While Groq's approach to inference is promising, its implementation raises further questions. Instead of opting for a more economical and scalable solution like tiling smaller chips on a motherboard, Groq chose to package its LPUs as individual PCIe cards, relying on long-range interconnects. This choice adds considerable cost and complexity, negating some of the potential benefits of their SRAM-only architecture.
The use of large, expensive reticle-sized dies on individual cards, combined with high TDPs and long interconnects, creates several challenges:
Increased Power Consumption: High TDPs and long interconnect wires lead to increased power consumption, potentially eroding the efficiency gains achieved through SRAM.
Cost Barrier: The use of large, expensive dies coupled with PCIe cards contributes to a significant cost barrier, potentially limiting the accessibility of Groq's technology.
Scalability Concerns: The reliance on individual cards and long-range interconnects introduces scalability limitations compared to a tiled approach, where smaller chips can be more easily and affordably scaled for larger models.
The recent Microsoft research paper proposing a tiled approach with smaller, cheaper SRAM-heavy chips on a motherboard presents a stark contrast to Groq's approach. This alternative strategy emphasizes lower power consumption, reduced cost, and improved scalability. By eliminating the need for long-range interconnects and expensive PCIe cards, the Microsoft approach aims to achieve similar performance with greater efficiency and accessibility.
The trajectory of Graphcore, another company focused on SRAM-heavy inference architectures, serves as a cautionary tale for Groq. Despite its promising technology, Graphcore struggled to gain significant traction in the market, ultimately facing financial challenges and falling into relative obscurity. Graphcore's difficulties highlight the potential pitfalls of relying heavily on a specific hardware approach, particularly when facing competition from established players with more established ecosystems.
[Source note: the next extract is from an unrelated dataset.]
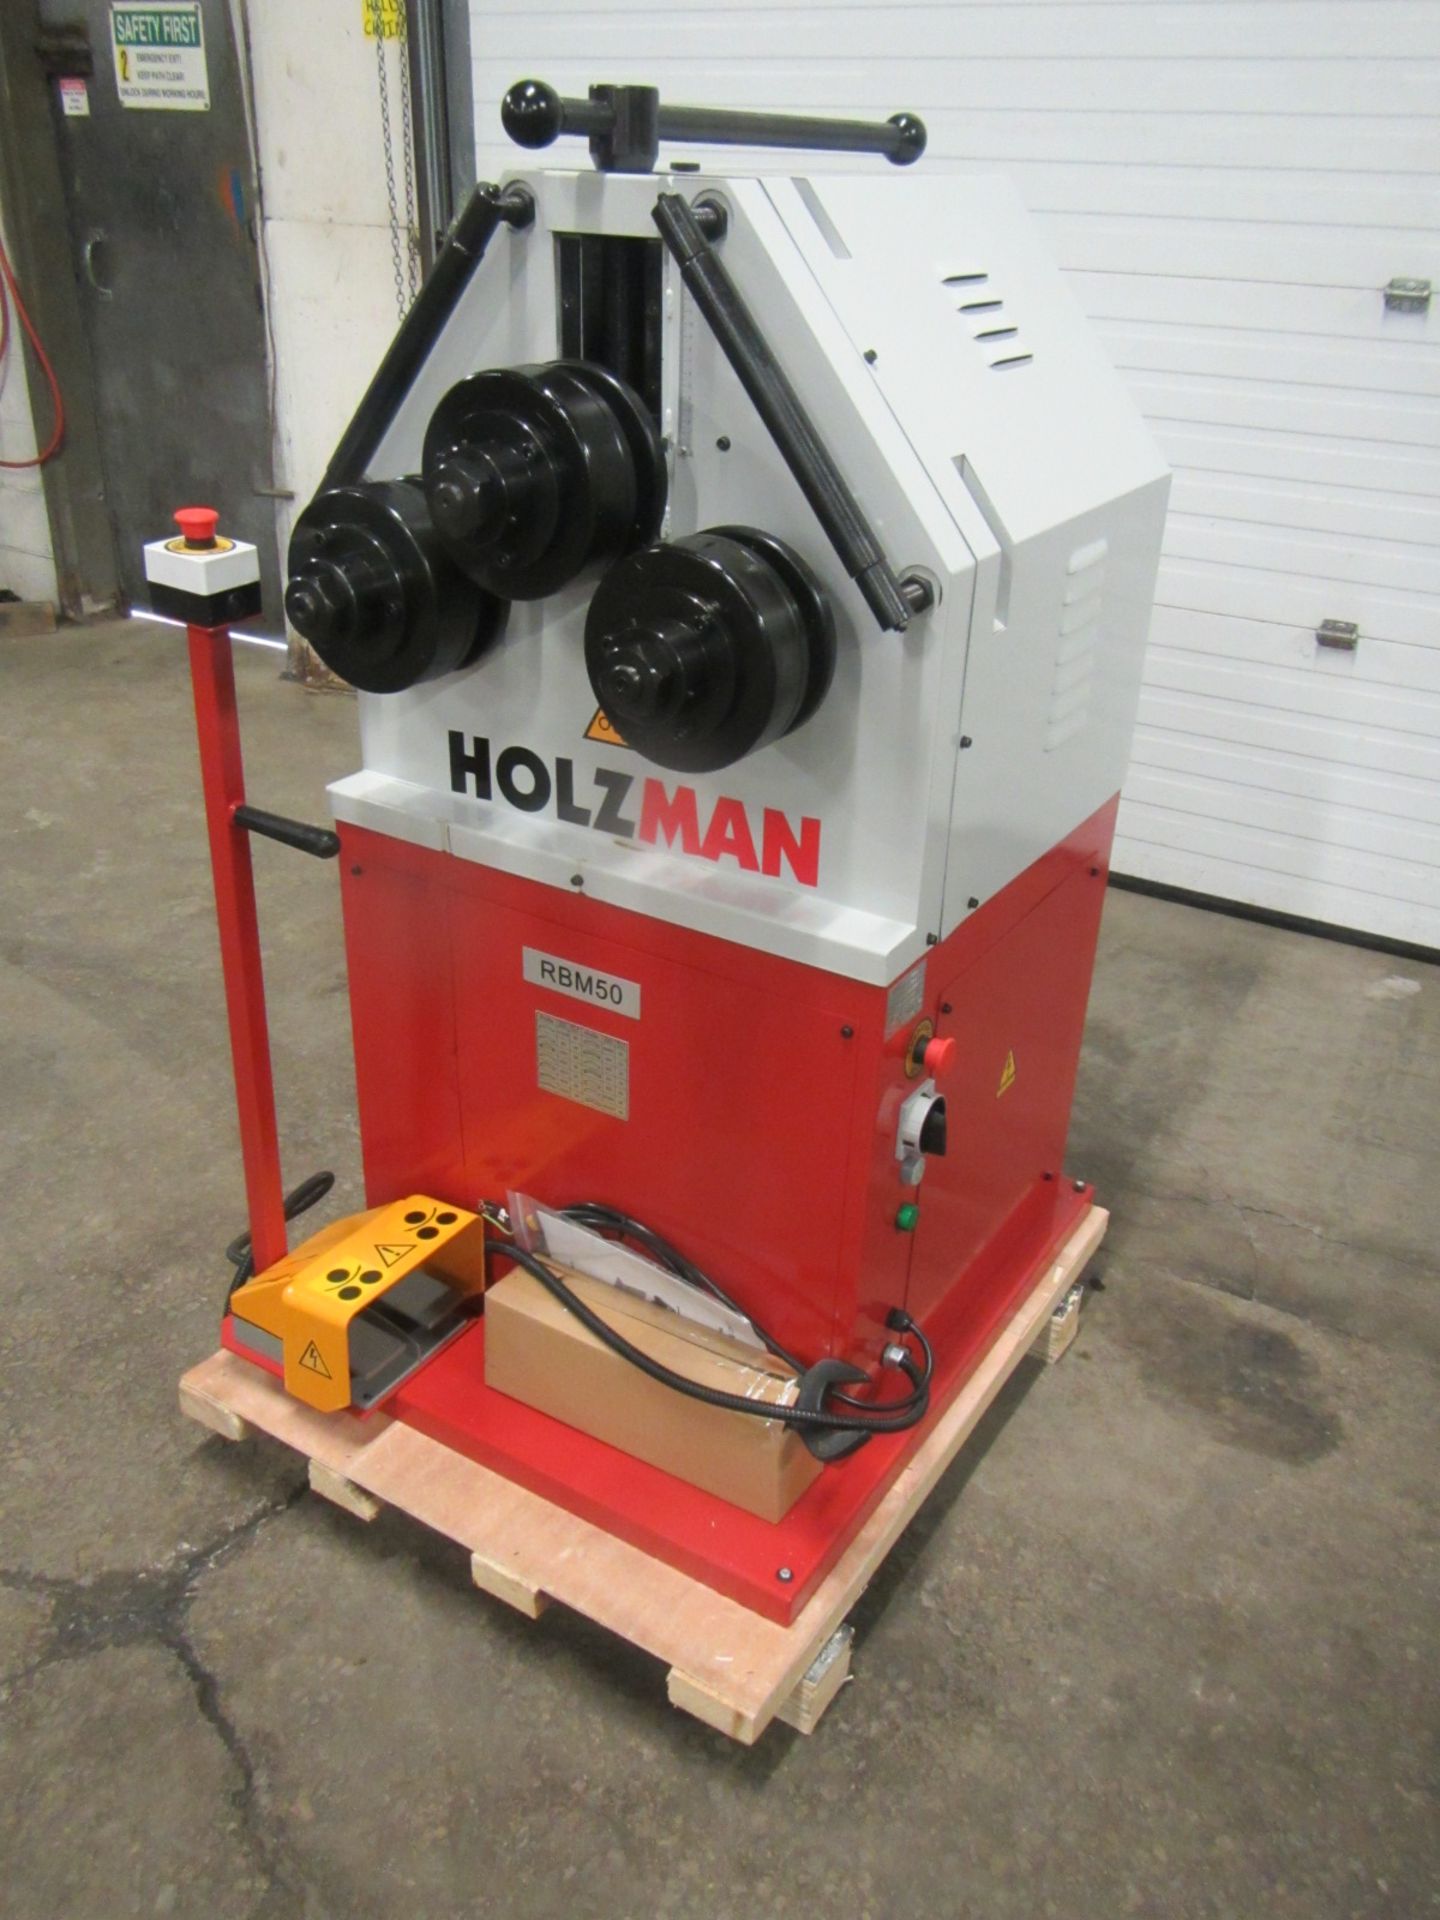 Holzman Pyramid Angle Rolls - Tube Bender - 220V 3 phase with foot pedal control - MINT / UNUSED

Groq's SRAM-only approach and its implementation have generated both excitement and skepticism. While its exceptional inference speed is undeniable, the challenges surrounding cost, power consumption, and scalability cannot be ignored. Groq must carefully navigate these challenges to avoid following the path of Graphcore and secure a place in the rapidly evolving landscape of AI inference. In July, Groq put out a demonstration of its chip’s inference speed - exceeding 1,250 tokens per second running Meta’s Llama model.
Ultimately, Groq's success will depend on its ability to achieve a balance between its impressive speed and the practical considerations of cost, power consumption, and scalability. Finding ways to optimize their design, reduce costs, and improve scalability will be critical for them to maintain momentum and compete effectively in the dynamic AI landscape.